Brown is concerned because this incident gives state and county officials that much more control over their affairs and strengthens their contention that "changes need to be made out there."
"The sovereignty of the tribe is at stake," Brown says.
It's this conflict that D'Almeida says is keeping mitigation measures from moving forward on the rancheria. "We don't want to get in the middle of a tribal conflict," she says. She also says EPA engineers were kicked off the rancheria when they attempted to address the problem and she was waiting to be "asked back."
"Now the problem is that because so much time has passed," says D'Almeida. "The money that was allocated for clean-up has been shifted to another project." She points to the slashes in the EPA budget as another limiting factor to cleaning up the rancheria.
The tenuous relationship between Elem and government agencies isn't new. In fact, there is a strong history fostering such sentiment.
"We used to have 27,000 acres here," Brown says. "But the Bradley's came in and laid claims on the mine. Through collaborations with BIA agents, they got the land. A treaty was signed, which left us 250 acres. Later, in 1949, another treaty was drawn up, formalizing our trust land as the 50-acre rancheria we have today."

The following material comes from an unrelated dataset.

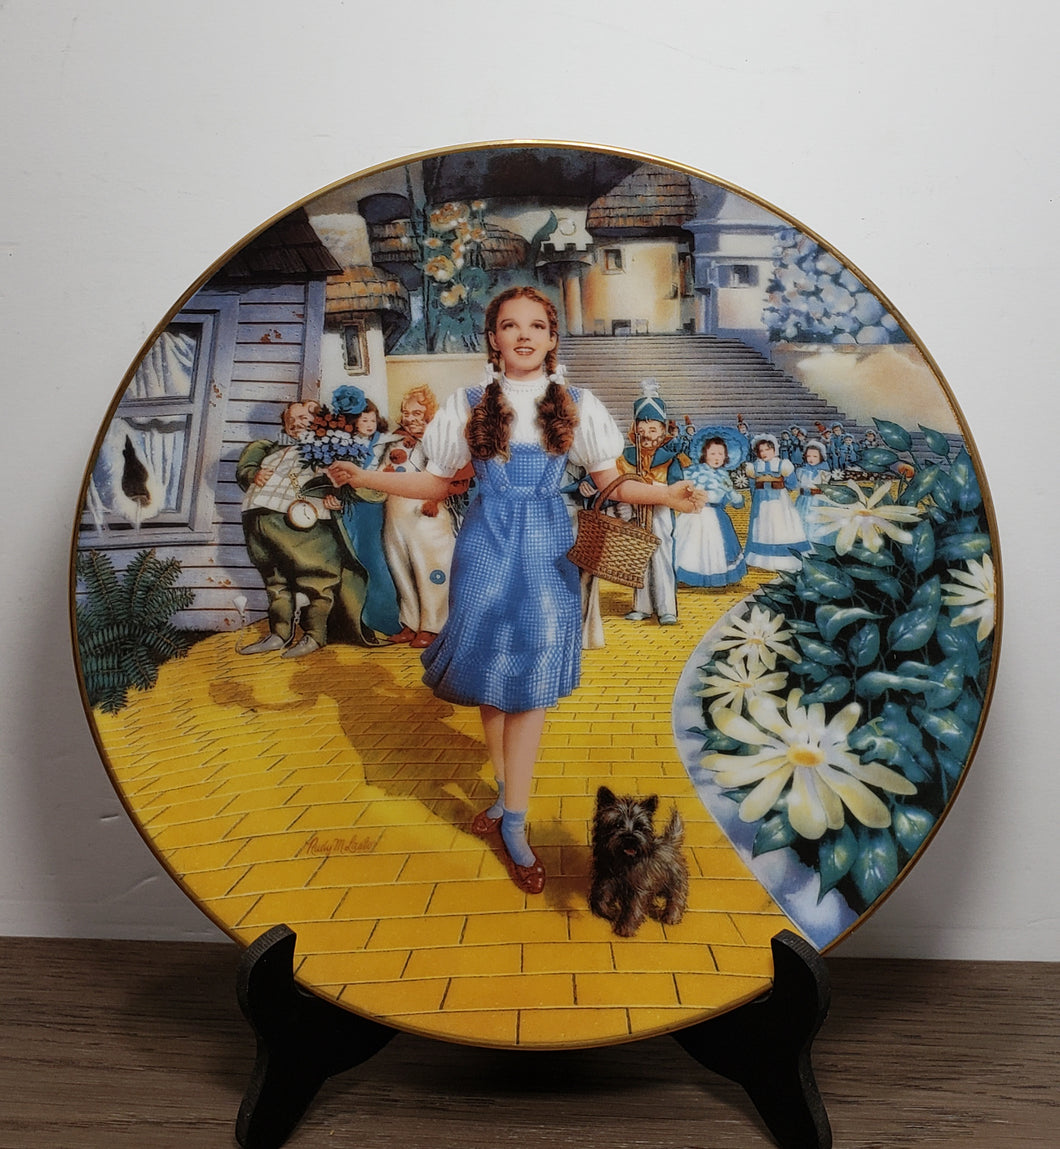 1991 The Wizard of Oz Plate

In the last treaty, Brown says, they lost a sacred part of their land, Rattlesnake Island, to a family in San Francisco.
Maranda, looking at the island, talks wistfully of her childhood. "I remember going there on boats, we would fish there," she says. "We went to court and demanded to see the deed, but they never did show it to us."
Although the EPA has ordered the BIA to cover over and seal the tailings with topsoil, this has yet to be done. There is an ongoing argument over who should pay for it-Bradley Mining Company, EPA or the BIA. Currently, no one has taken responsibility.
"If we had access to good legal representation," Brown says, "we would sue the mining company."
D'Almeida says she believes the Pomos would have a case. Brown knows they do.
"Something has to be done," says Brown. "The mercury, it's everywhere. I mean, something is seriously wrong if we're told to wear masks while we work in the yard."